Similar content being viewed by others
Introduction
Thyroid gland hormones affect almost all organ systems in the body, and their interactions with the kidneys have been well characterized. Thyroid hormones influence renal development and histological changes in kidney structure1,2. They also affect physiological functions, including sodium and water homeostasis, renal blood flow, and glomerular filtration rate (GFR)3,4. These influences may be mediated via direct renal effects, including the function of many transport systems along the nephron5,6,7, as well as via cardiovascular and systemic haemodynamic effects8,9,10. Thus, both hypothyroidism and hyperthyroidism are associated with marked alterations in kidney function.
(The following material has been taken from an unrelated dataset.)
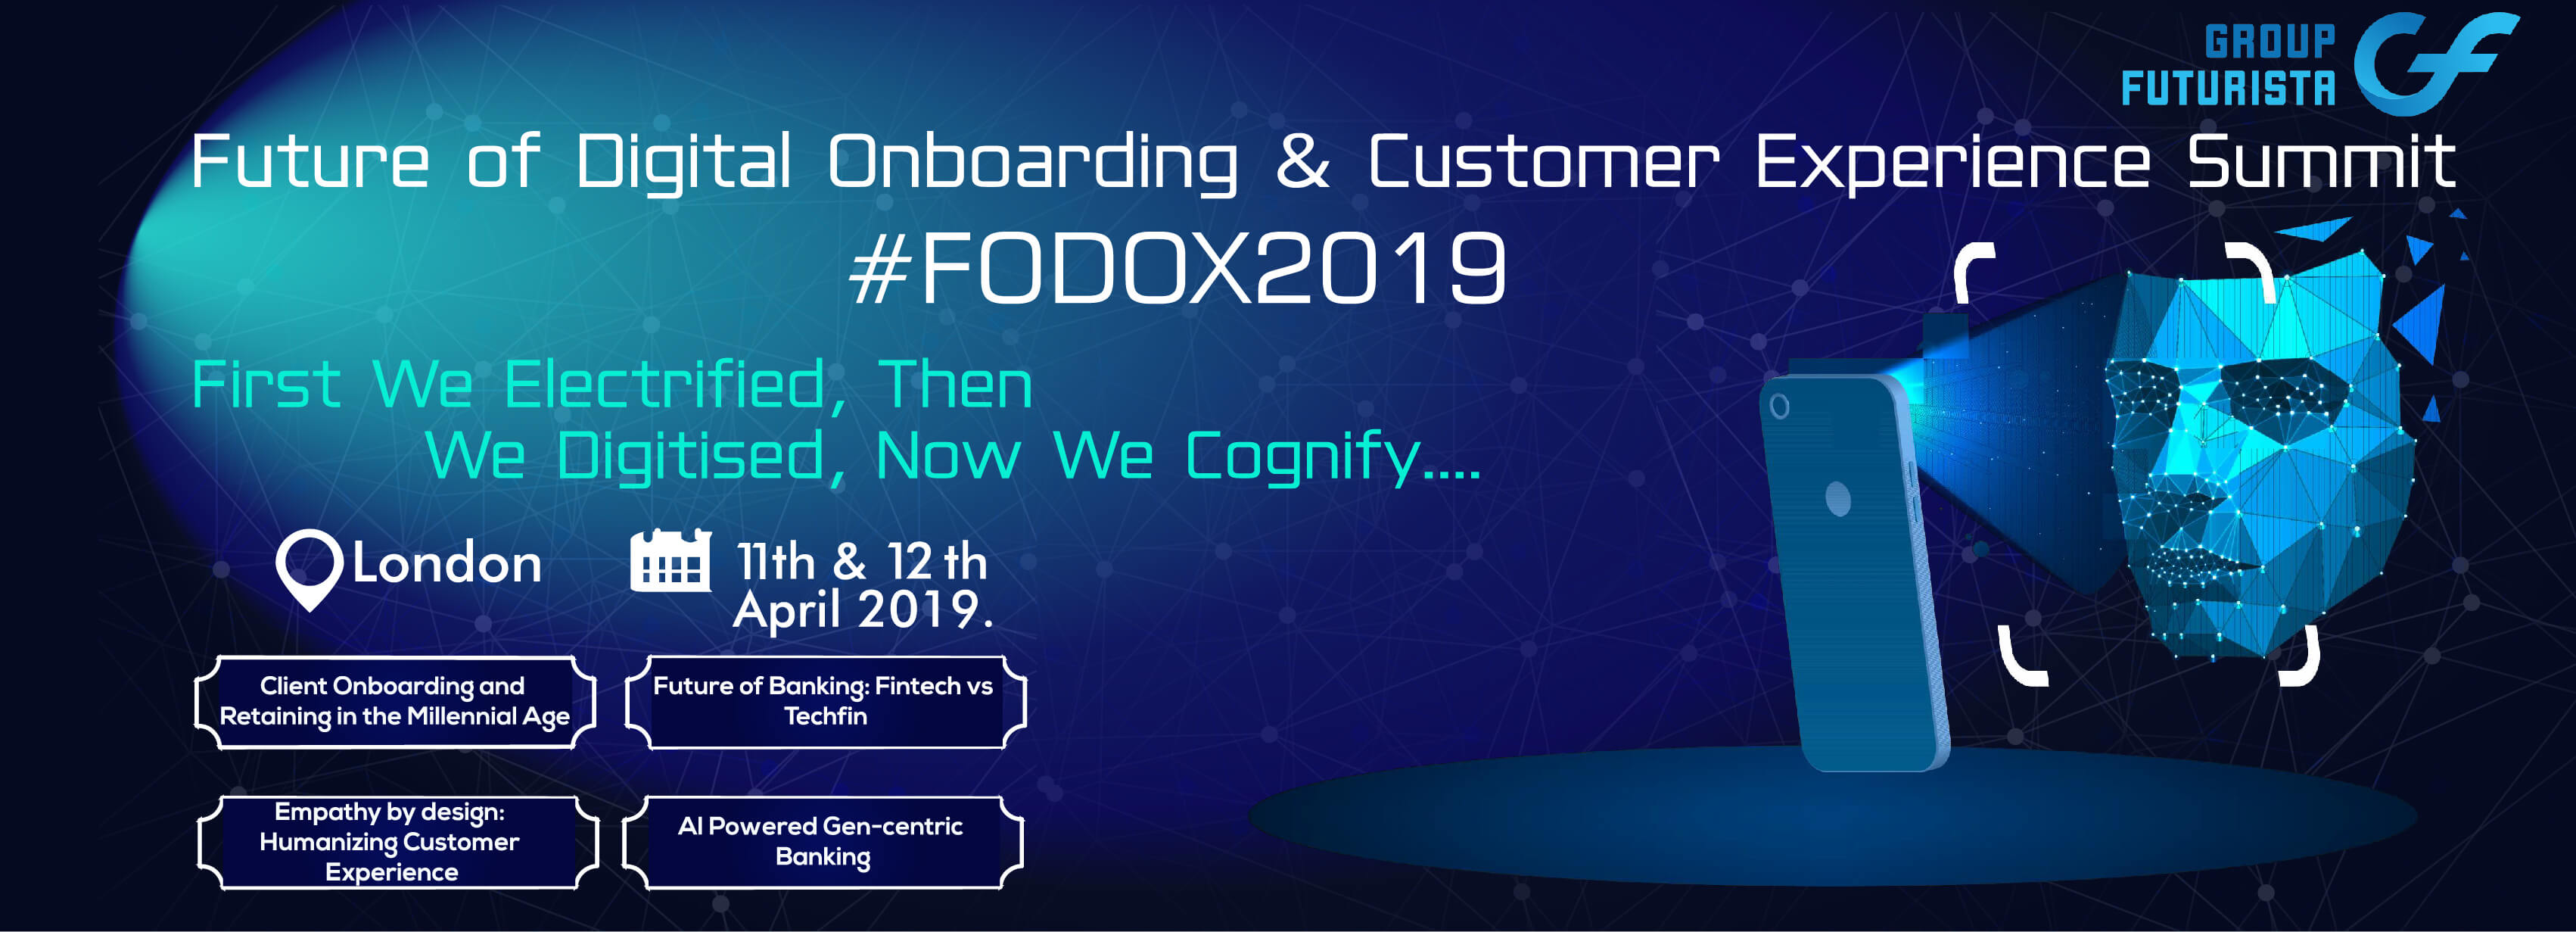 Fodox_2019_London

Acute kidney injury (AKI) is related to increased health costs and adverse outcomes, including the progression to chronic kidney disease and death11,12. Hypothyroidism is associated with elevated serum creatinine levels, as well as reduced GFR and renal blood flow7,13,14. Thus, hypothyroidism may induce AKI or contribute to the occurrence of AKI in the presence of other renal insults. Nevertheless, scarce information is available on the relationship between thyroidectomy and postoperative AKI. Hence, we aimed to determine the effect of thyroid function on the prevalence of AKI after thyroidectomy. Moreover, we evaluated factors related to postoperative AKI and the impact of AKI on outcomes following thyroidectomy.
Results
A total of 486 patients were included in the analysis. Of these patients, AKI was diagnosed in 24 (4.9%) based on the Kidney Disease: Improving Global Outcomes (KDIGO) criteria.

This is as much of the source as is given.